Harrisons and Crosfield ruled in the agency contract negotiations, but only in Quilon. They managed Lloyd’s shipping in Trivandrum and held the agency of the British India Steam Navigation, the largest shipping firm in Indian waters. These agencies were of little value. Ships of big carriers refused to call at Quilon, and if they called at Cochin or Alleppey instead, as most did, their longtime agents were other firms. If they worked in partnerships with other agents, not only did the company lose some commission, but working with rivals (principally Peirce Leslie) created a risk that they would prioritize their trade.Footnote 39 The British India ships had high capacity but sailed less frequently than the trade in seasonal produce required. Besides, to rely on British India, local traders would have to arrange to send goods to Bombay first. Therefore, the trading firms attempted to establish partnerships with a series of smaller shipping companies dedicated to the western coast, primarily Clan Line, Ellerman Lines, and Hall Line.Footnote 40
Cochin and Alleppey were crowded fields. Six Indo-European firms and two Indian ones held the agencies for major shipping lines: Aspinwall (Hall Line, Ellerman and Bucknall, British India); Darragh Smail (Holland Australia); Harrisons and Crosfield (Hansa, Clan); Madura Co. (British India Steam Navigation); Peirce Leslie (Asiatic Steam Navigation); Volkart (Blue Funnel Line, Silver Java Pacific, Lloyd Triestine, Norwegian Africa and Australian Line, Bombay Steam Navigation); and Dharamsey Wagjee and Rathilal Khimjee (Scindia Steam Navigation, Malabar Steam Navigation, Eastern Steam Navigation). Aspinwall, Volkart, and Peirce Leslie owned most of the boats that moved cargo between ship and shore.Footnote 41
Soon after the establishment of the Quilon branch, World War I began, and the government requisitioned many ships. After the War, with a shortage of boats persisting, another mini-war broke out on agency contracts on the west coast, and it seemed to continue into the 1930s. It began around 1919, when Peirce Leslie and Harrisons and Crosfield had an angry exchange on the point that the former’s staff were trying to entice the leading tea estates to shift from the latter.Footnote 42 Two big players, Volkart and Peirce Leslie, tried to monopolize the agency of some of the lines operating here, while also trying to block the entry of lines that did not join the coalition. Harrisons and Crosfield did not enter it and attempted to secure the sole agency of Mackinnon McKenzie, but the latter did not respond to the proposal. After the War, the Osaka Shosen Kaisha showed some interest in the west coast, and Harrisons and Crosfield was toying with the idea of entering into an agency with them. James Finlay was Osaka’s agent in Colombo. Again, this partnership did not mature, probably because the carrier’s main interest was cotton.

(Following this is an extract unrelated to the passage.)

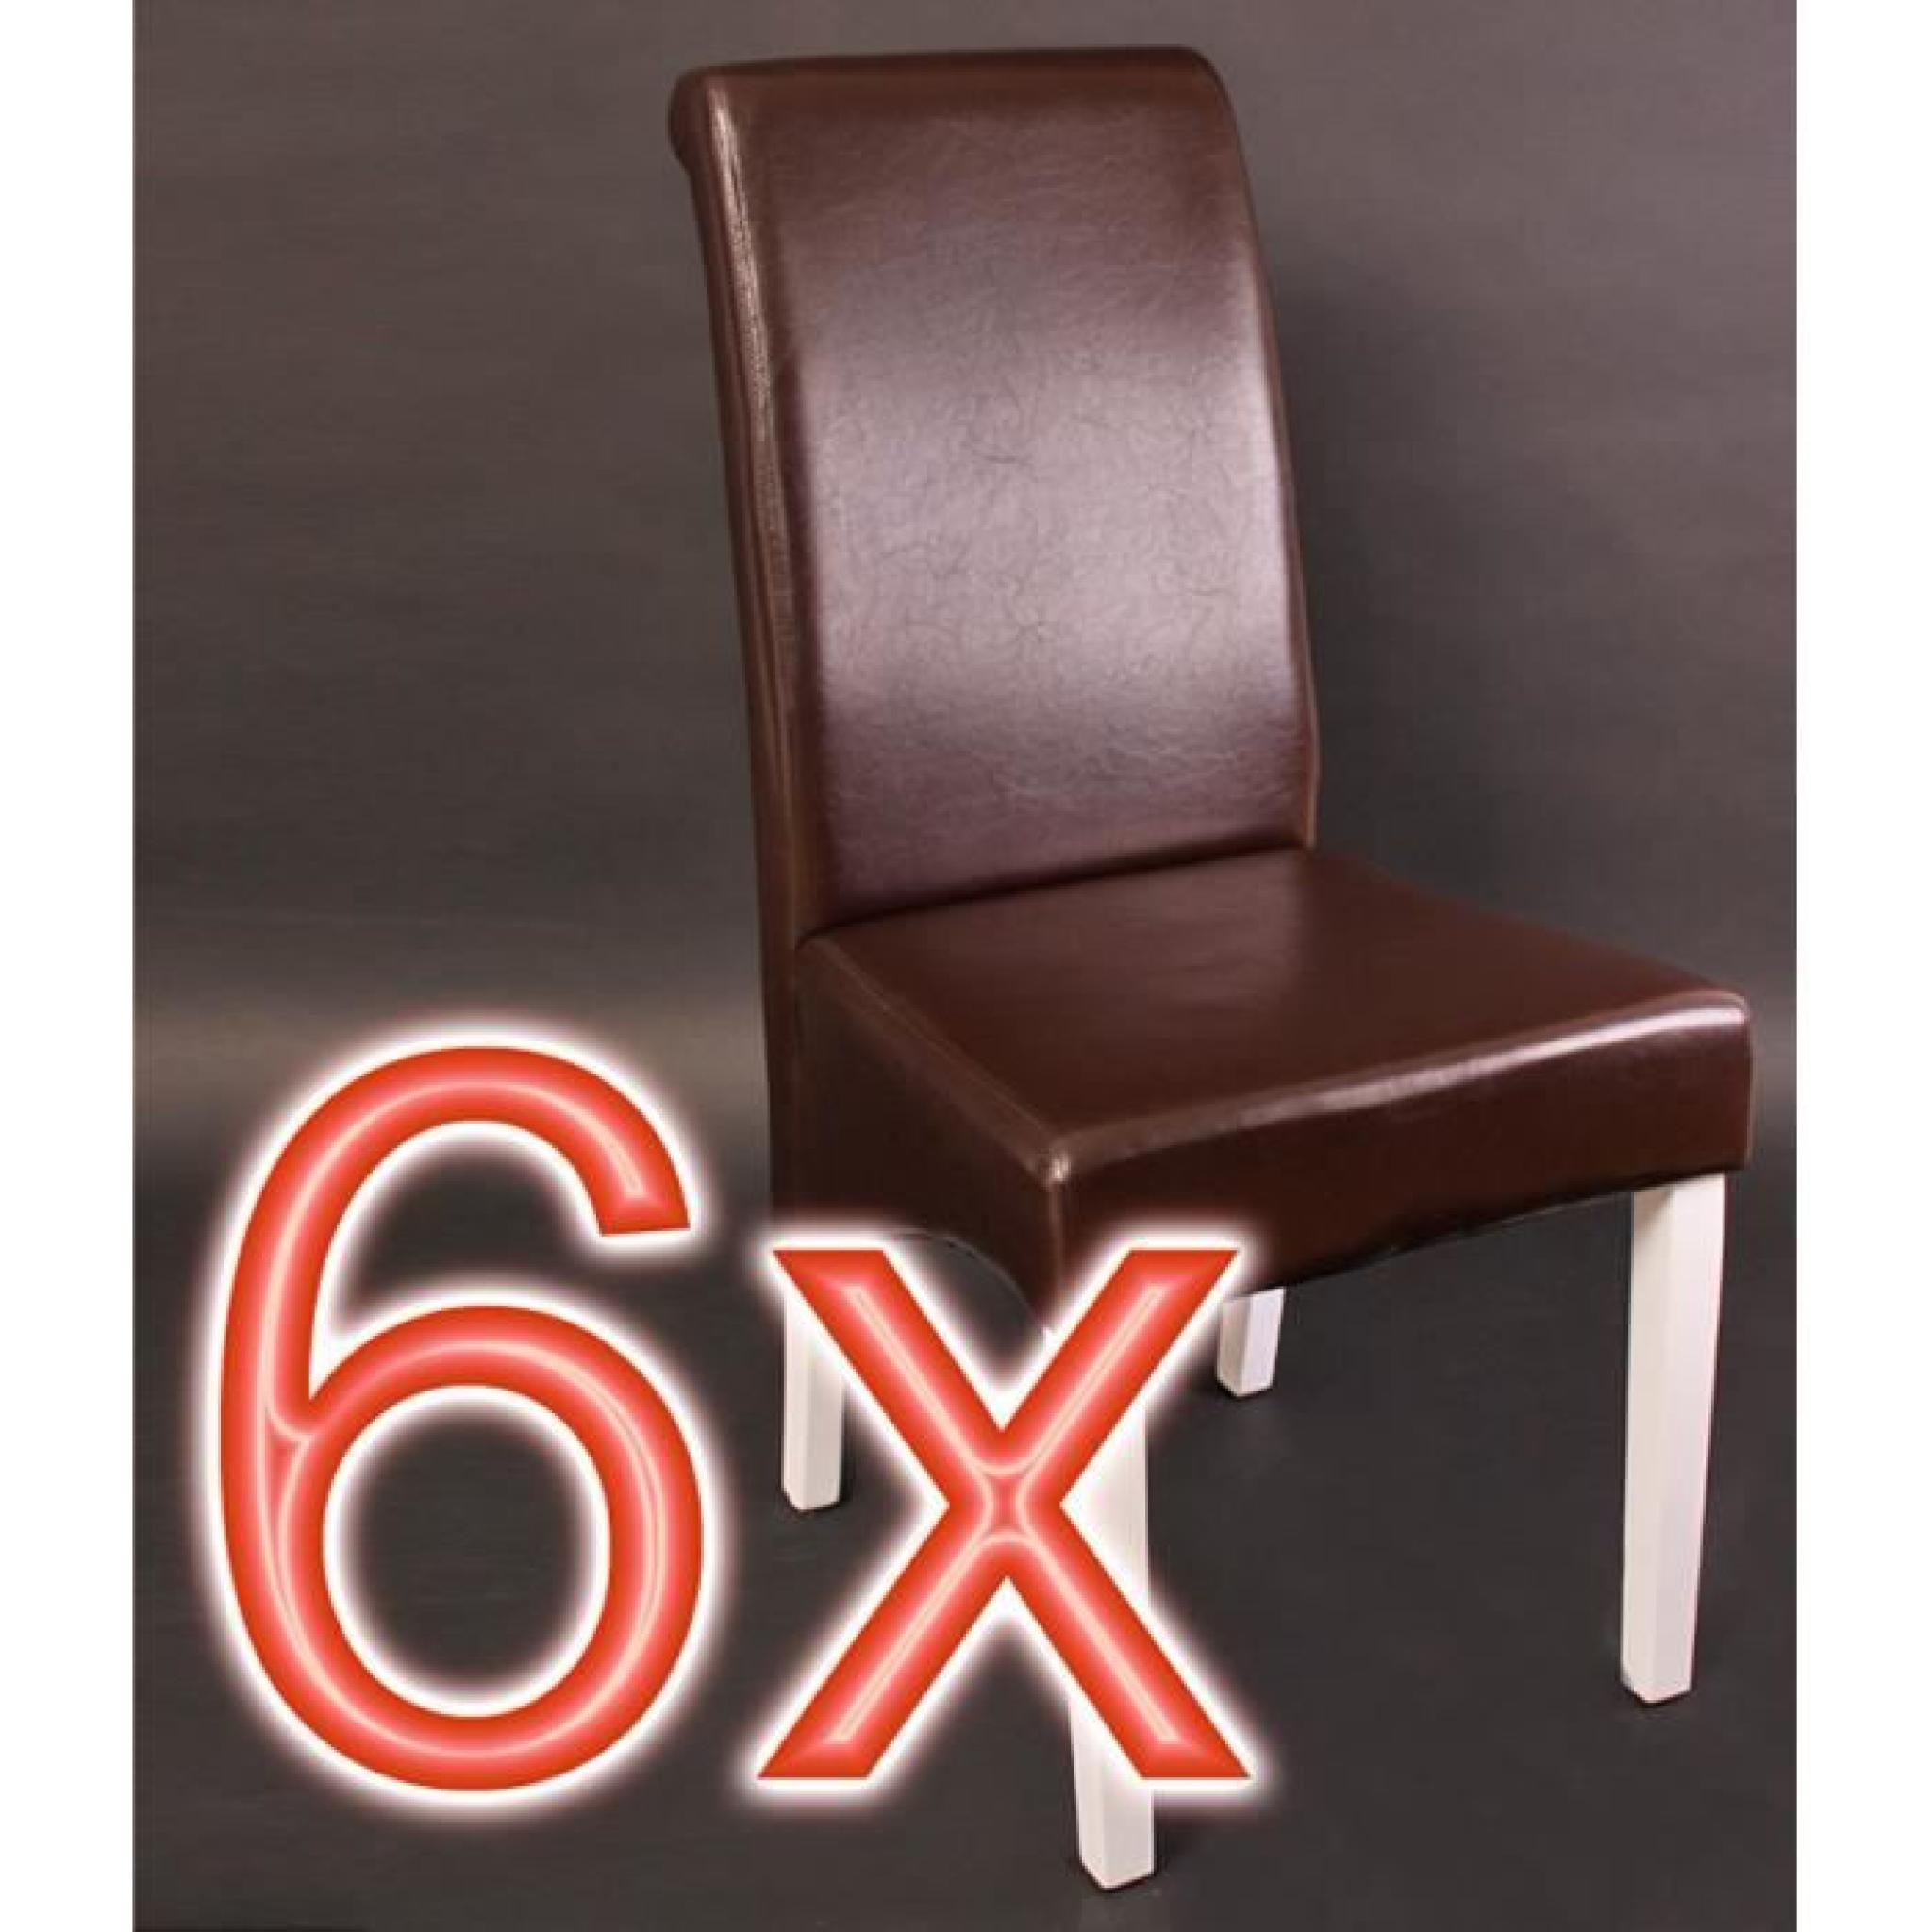 Lot de 6 chaises salle à manger, inclinable en cuir coloris brun, pieds blancs

In December 1926, Peirce Leslie gave up the agency of the Clan Line in Cochin. The company made a tentative move to take the agency, delaying the decision because communication with London broke down, with the “most unfortunate” result that W. Goodacre and Darragh Smail, working closely with Peirce Leslie, took it instead. The company’s concern was that if a coalition of carriers and agents could share freight information before rivals knew, they could use landing cost as a tool for competition.Footnote 43 Another issue during the interwar years was the rebates that shippers offered to merchants, which many Indian potential rivals in the ocean shipping business viewed as an oligopolistic practice. There was, however, no end to the rebates. If anything, they were reinforced on the west coast.
The only business that did not suffer from the competition over agency was tile. Harrisons and Crosfield’s tiles were exported to Ceylon and Tuticorin in coastal steamboats. The base for this traffic was Tuticorin. The coastal boats could only run during the dry season, from November to May. The exports had to wait for boats to arrive laden with tobacco or rice. To gain more control, save money, and mitigate the seasonal fluctuations in traffic, the Company sought to purchase two boats. These were also handy with the backwater traffic. However, they were not used very much and cost the firm serious maintenance issues.
The Travancore government and the company had entered negotiations on building a jetty in Quilon, which would give it better control of shipping and help its engineering unit access imported materials. In the background, several major infrastructure projects on the east coast, including the construction of the Tuticorin port, threatened to draw west coast cargo there.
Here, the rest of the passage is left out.